START Given material
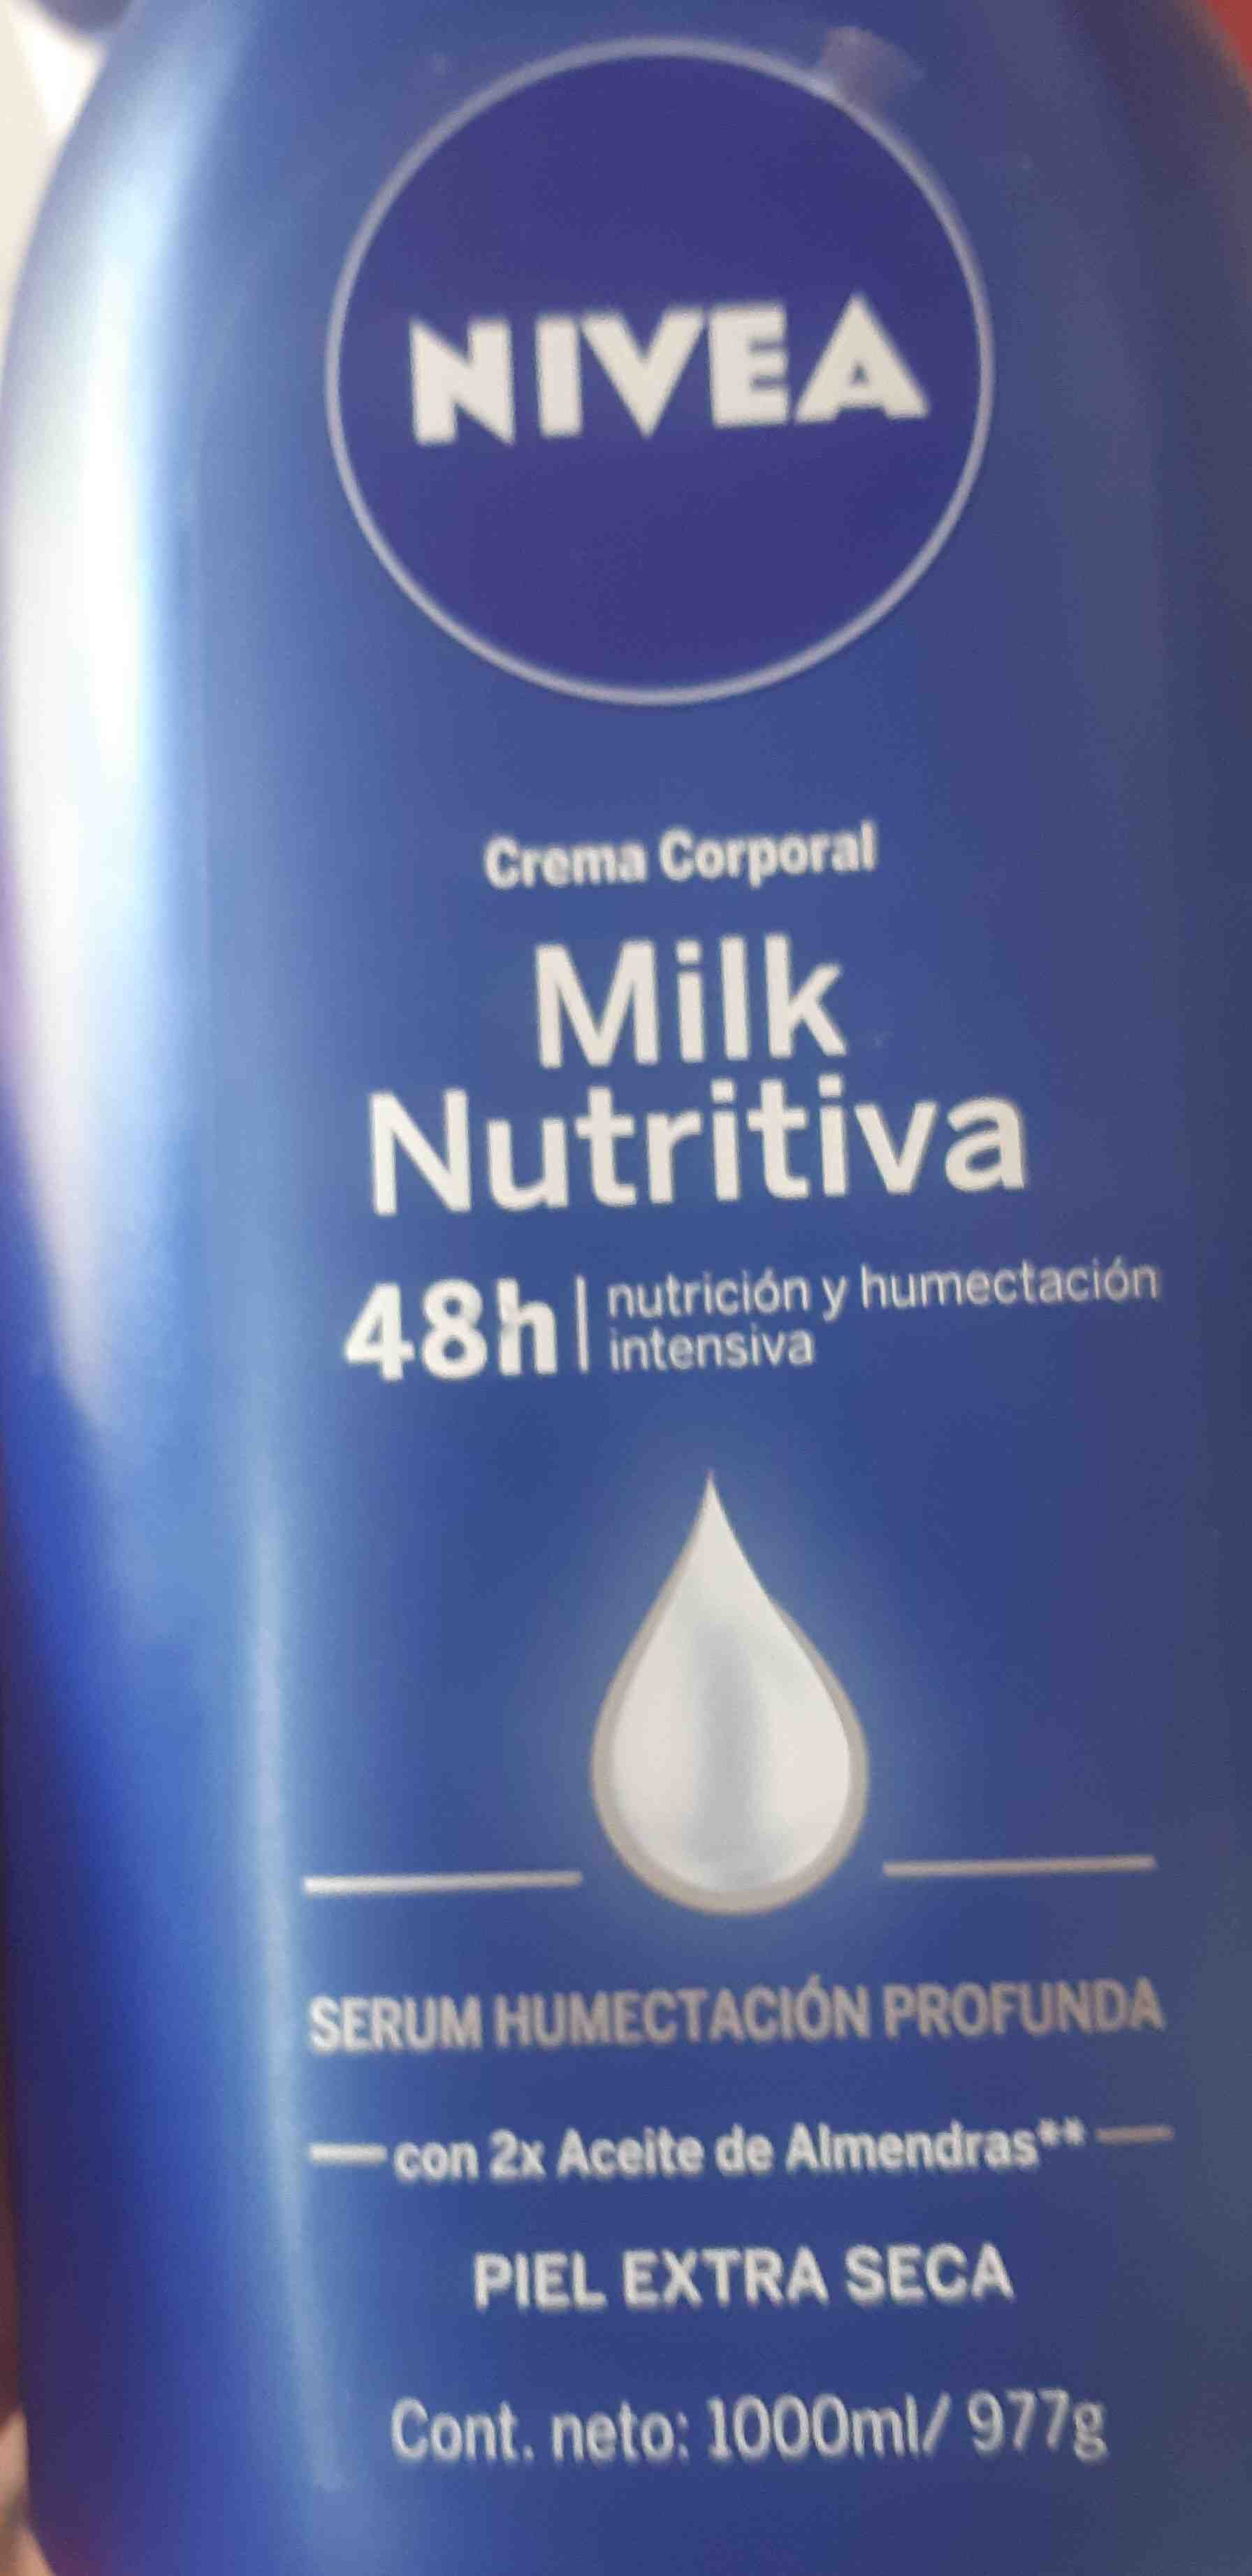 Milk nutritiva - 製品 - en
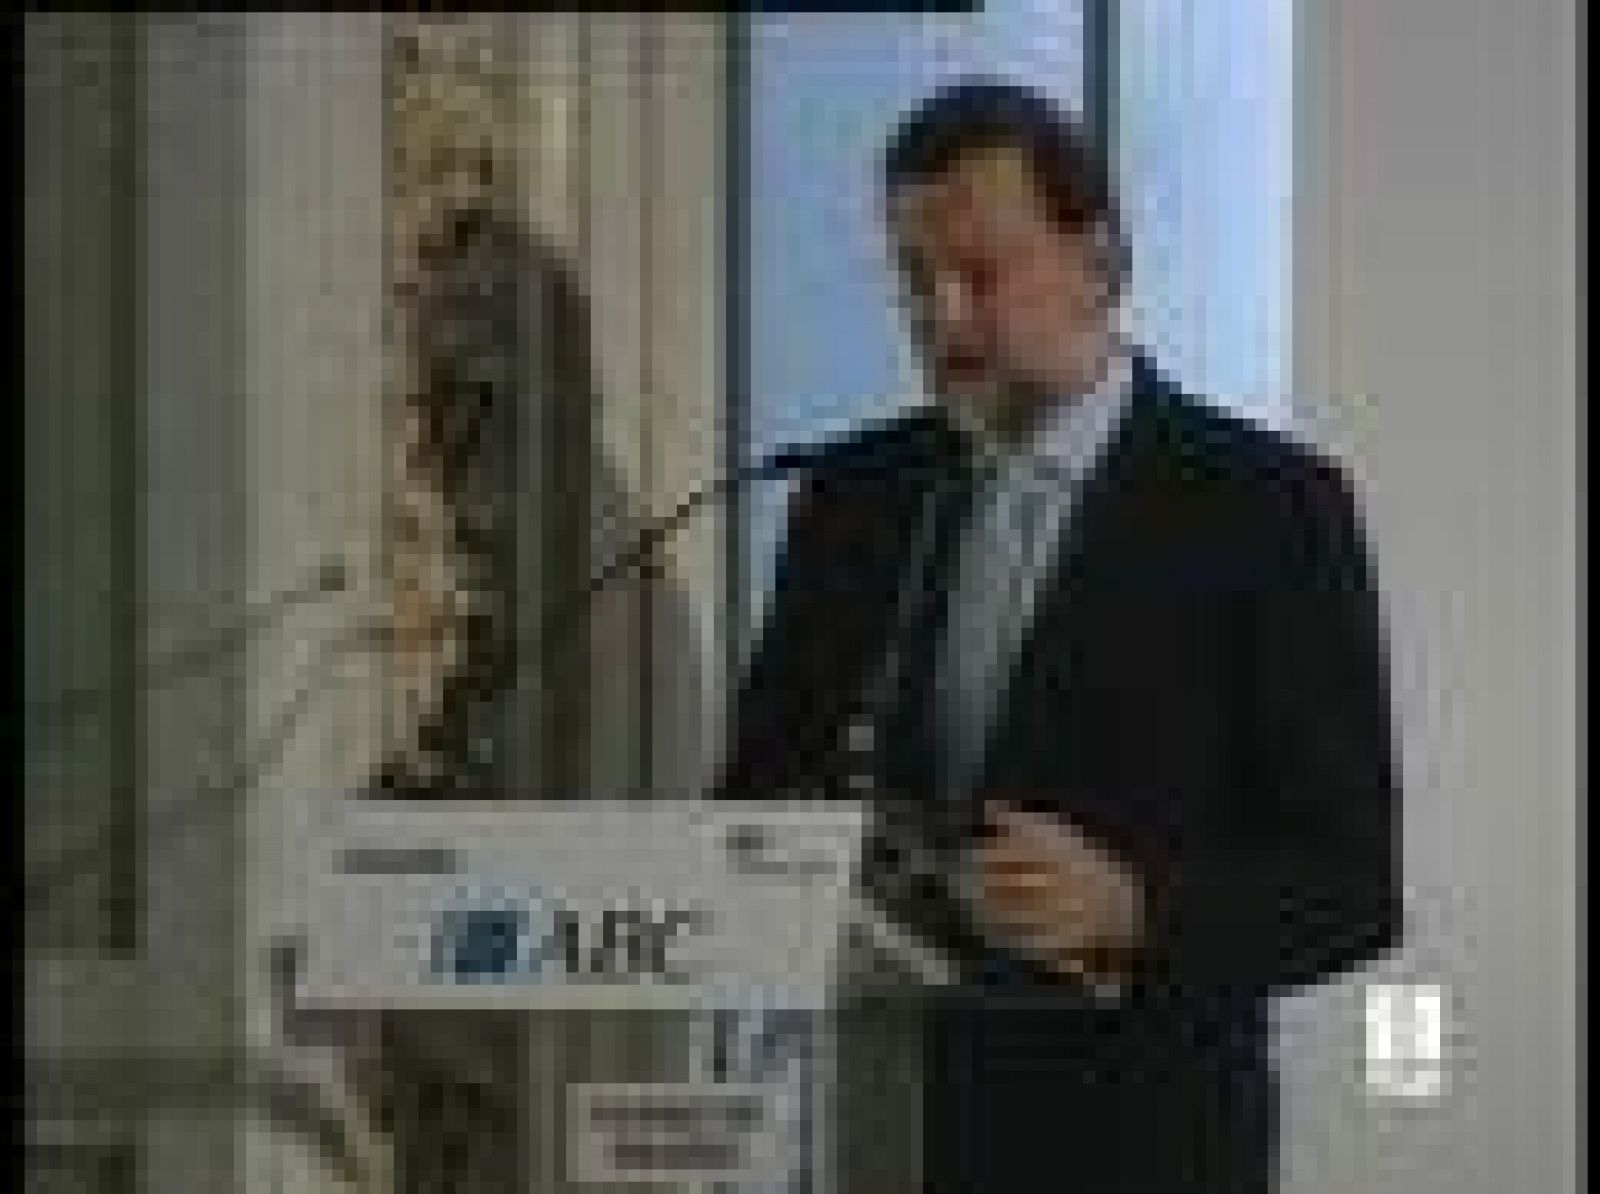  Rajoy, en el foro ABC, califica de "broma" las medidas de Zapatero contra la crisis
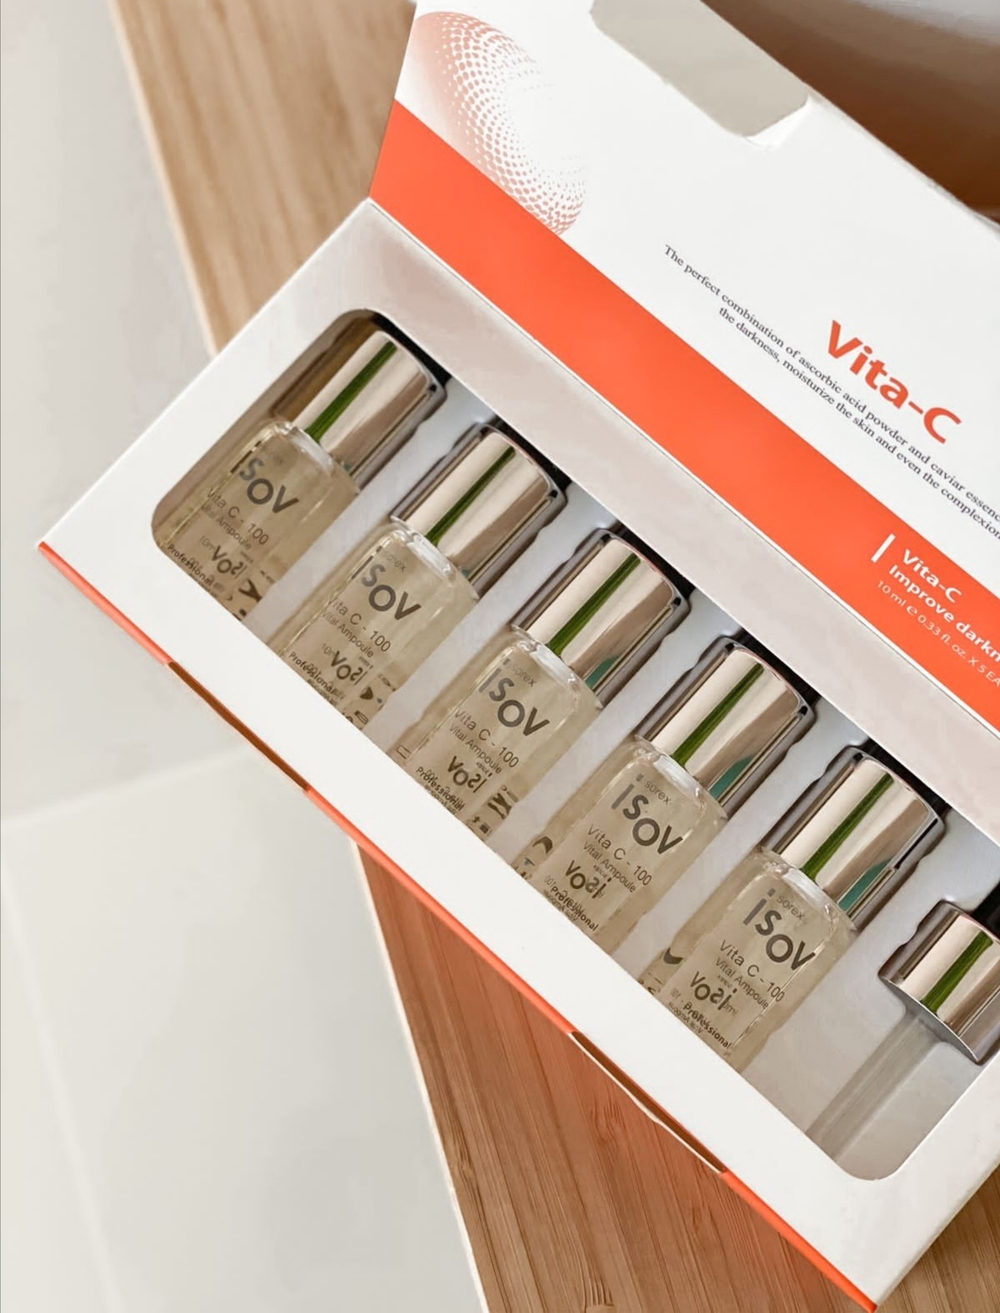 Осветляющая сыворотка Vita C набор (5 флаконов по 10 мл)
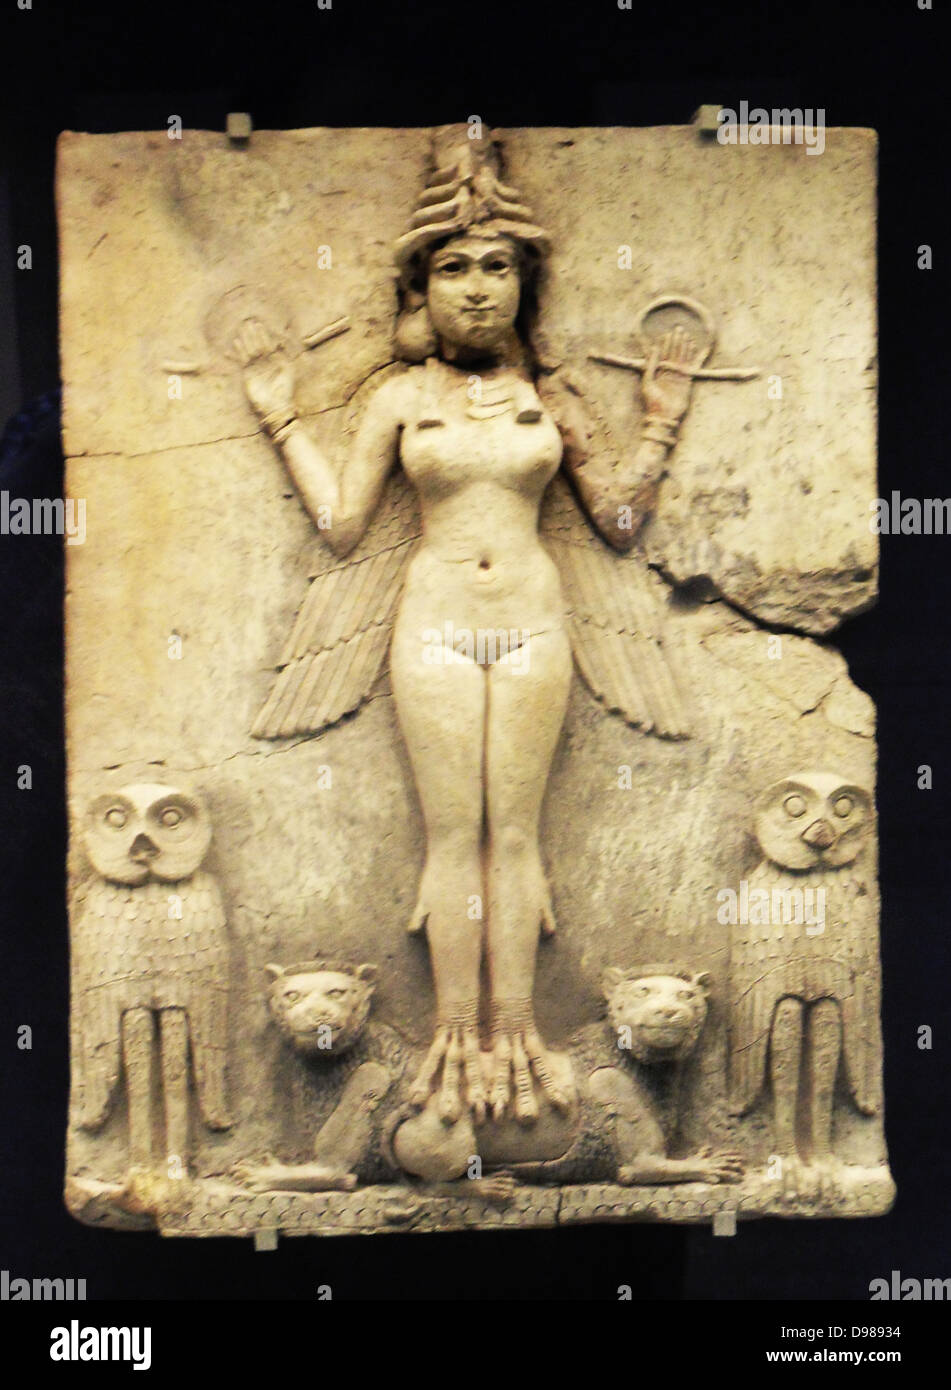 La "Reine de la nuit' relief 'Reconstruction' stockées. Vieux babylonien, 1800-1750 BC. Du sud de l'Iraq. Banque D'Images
END Given material
Your assignment:
Pictures are not part of the copy; transcribe the rest of the data verbatim.

Reply:
 Milk nutritiva - 製品 - en
  Rajoy, en el foro ABC, califica de "broma" las medidas de Zapatero contra la crisis
 Осветляющая сыворотка Vita C набор (5 флаконов по 10 мл)
 La "Reine de la nuit' relief 'Reconstruction' stockées. Vieux babylonien, 1800-1750 BC. Du sud de l'Iraq. Banque D'Images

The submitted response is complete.